The Bank of England (BoE) is expected to hold rates during its meeting on Thursday, March 20. The central bank has been on the side of cautious with its approach to interest rates, reflecting both domestic and global pressures.
The central bank’s decision comes at a time of rising uncertainty over trade war escalations and as the UK economy shows signs of slowdown, with growth data showing weakness. The BoE meeting also comes days before the UK government taxation changes that might pressure UK businesses, where rising taxes could impact company earnings and growth. ⁽¹⁾
Governor Andrew Bailey will speak in a press conference after the decision and will give insights on tariff impacts on the UK economy, analysis on recent data, and future outlook for 2025.
Breaking Down the Expectations
The BoE is expected to hold rates at 4.5% on Thursday, following a 25 basis point rate cut in February. Expectations from the Monetary Policy Committee (MPC) vote are pointing toward two votes in favor of a rate cut and seven for a rate hold.
The Bank of England is cautious with its approach to monetary policy changes, as Governor Bailey repeatedly stated that the MPC are committed to managing inflation and growth concerns. ⁽²⁾
The BoE’s decision also comes as policymakers assess the uncertainty emerging from US President Trump’s trade tariffs and UK tax hikes. Trump’s tariff policies have impacted financial markets and raised inflation concerns globally. ⁽³⁾
BoE policymakers highlighted the need for a cautious approach to interest rates where inflation and labor market risks need to be balanced to determine the next move on interest rates.

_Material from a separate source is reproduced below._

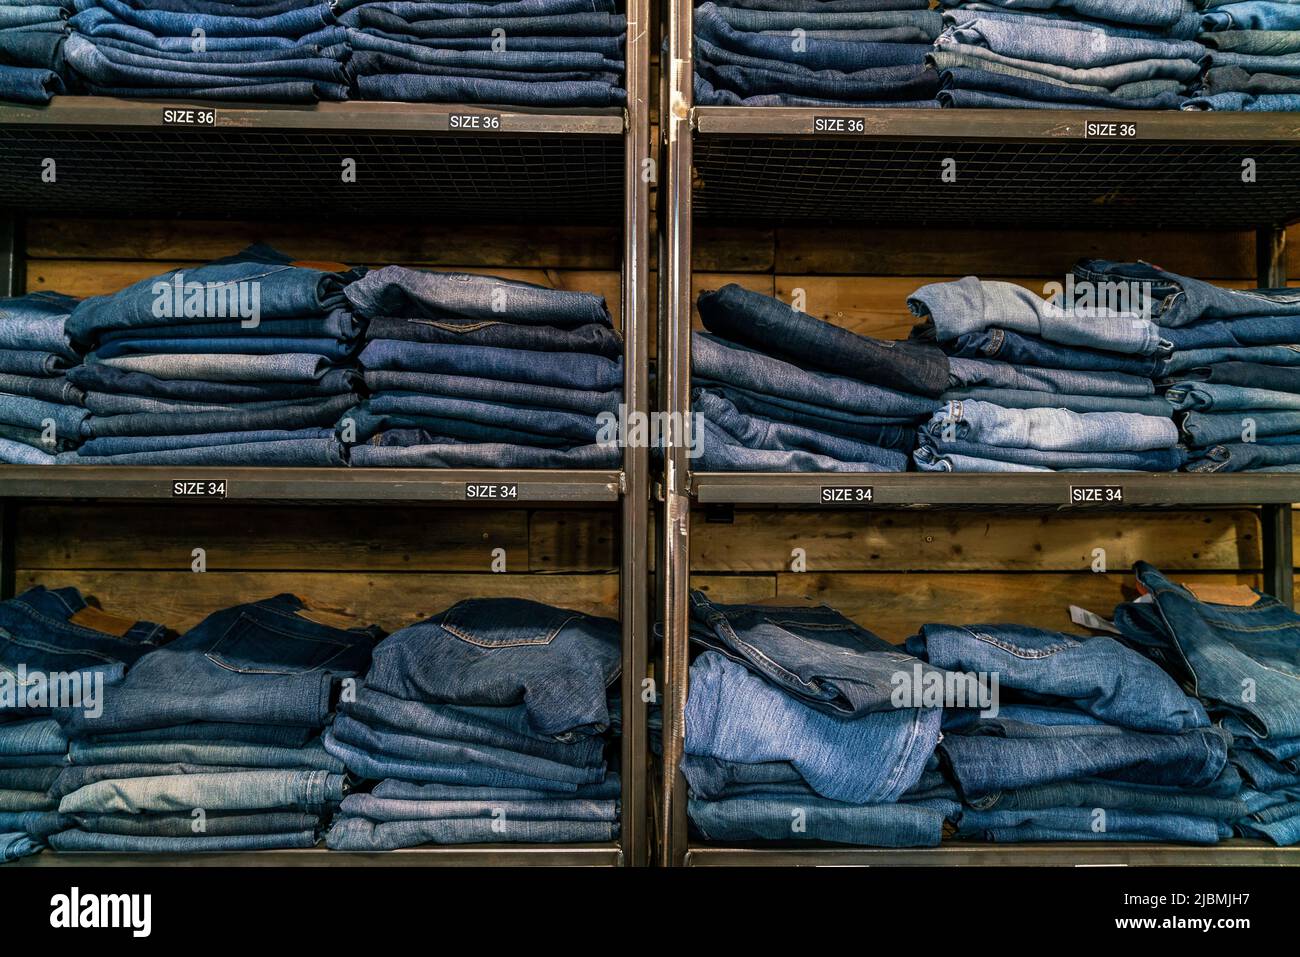 Jeans shop immagini e fotografie stock ad alta risoluzione - Alamy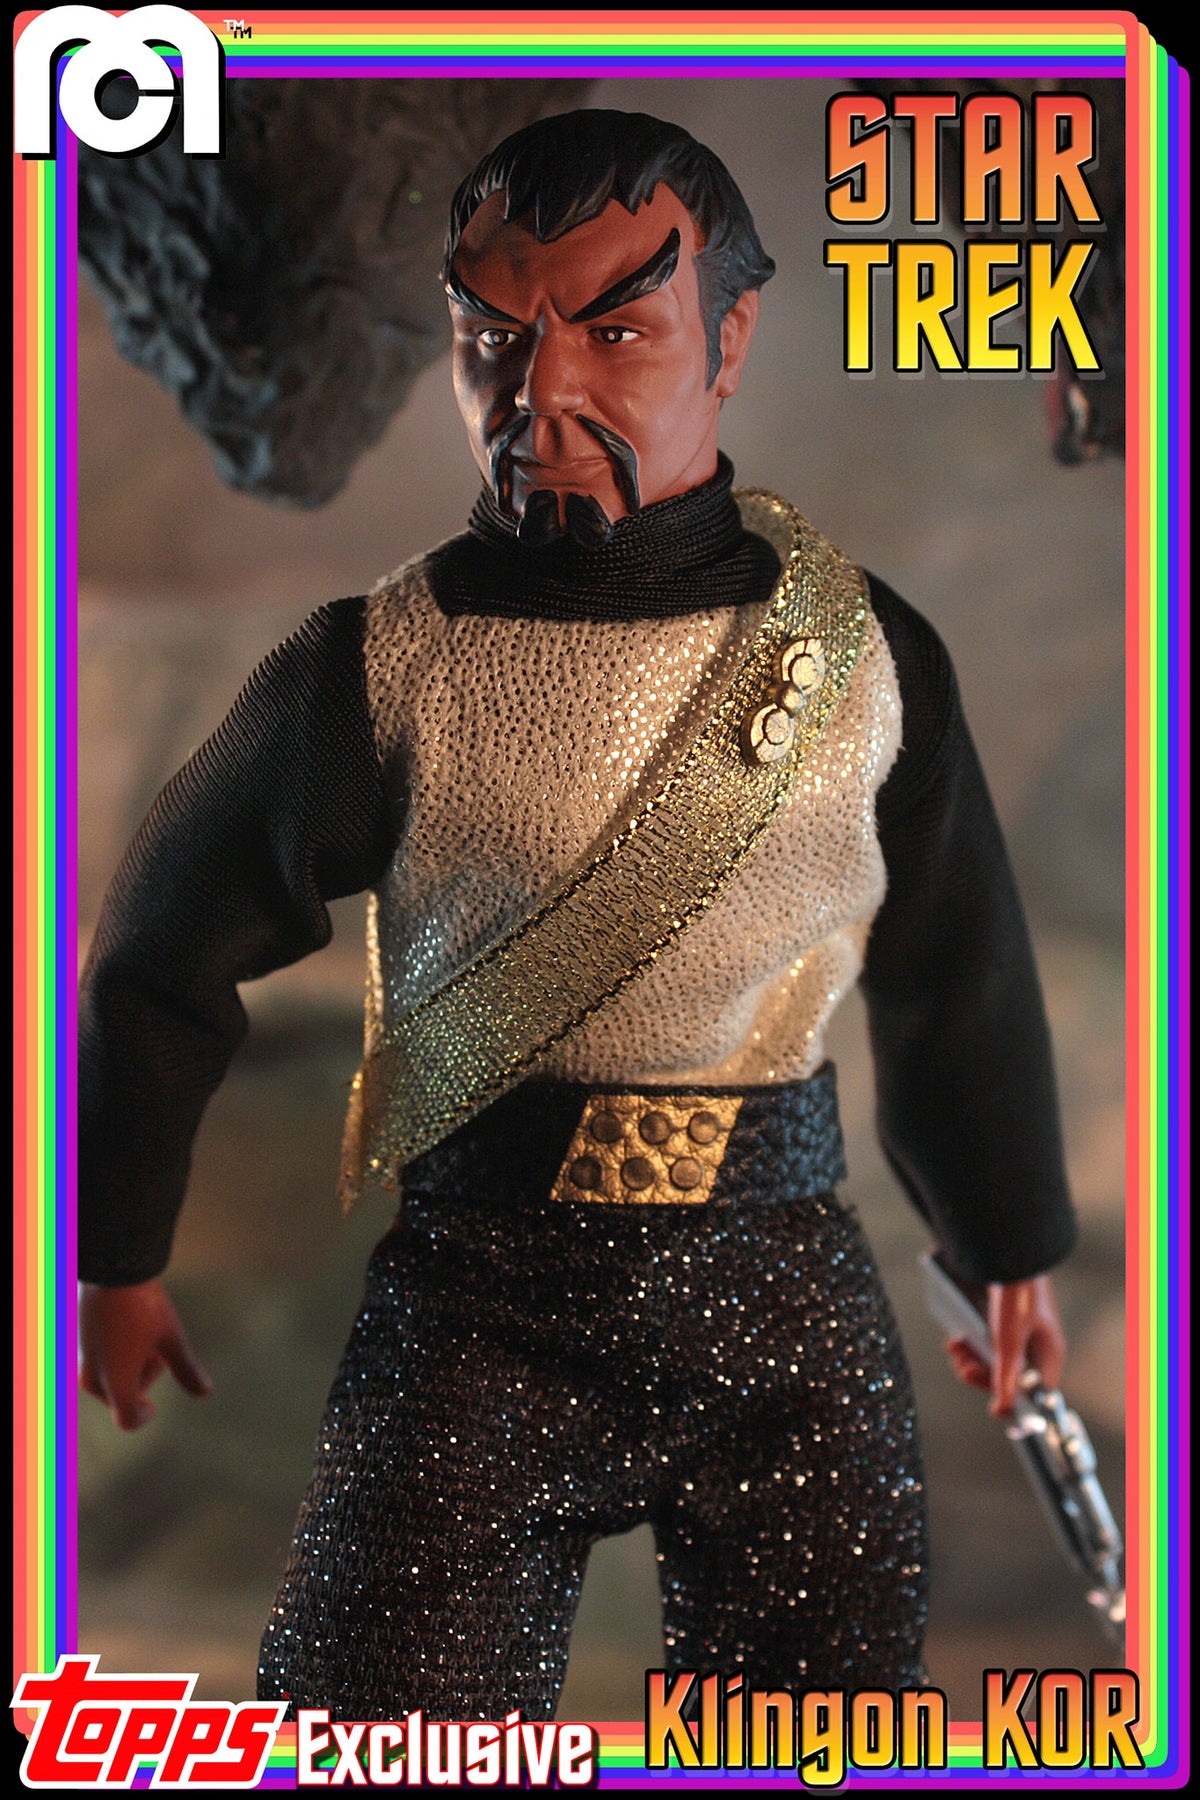 Mego Topps X - Star Trek - Kor the Klingon 8" Action Figure

Bank of England Pressured by Economic Data
UK GDP for January showed that the UK economy contracted by 0.1%, caused by production and construction sector weaknesses. The report followed modest growth in the previous quarter and raised concerns on growth in 2025, where growth forecasts for the UK economy were downgraded to 0.75 % for 2025. The downgrades were caused by weak economic data and trade war impacts. ⁽⁴⁾
Inflation rose to 3% in February, above the central bank’s 2% target. Uncertainty still looms as the BoE is caught between high interest rates and weak growth. Core CPI remains more persistent than the headline numbers, which supported the MPC’s cautious stance. ⁽⁵⁾
The labor market showed signs of weakness, where unemployment claims in the UK rose to 22K in December 2024 with job openings declining. Wage growth rose to 6% and has continued to rise faster than inflation. ⁽⁶⁾
Trade War Concerns
Trade tariffs are one of the main factors that are behind the BoE rate hold expectations, with trade tensions emerging from President Trump’s tariff threats and threatening the UK’s economy. ⁽⁷⁾
The Bank of England has expressed concerns that tariffs might impact global trade, which could affect UK exports and its economic health. This factor could support a more cautious and gradual approach for the BoE.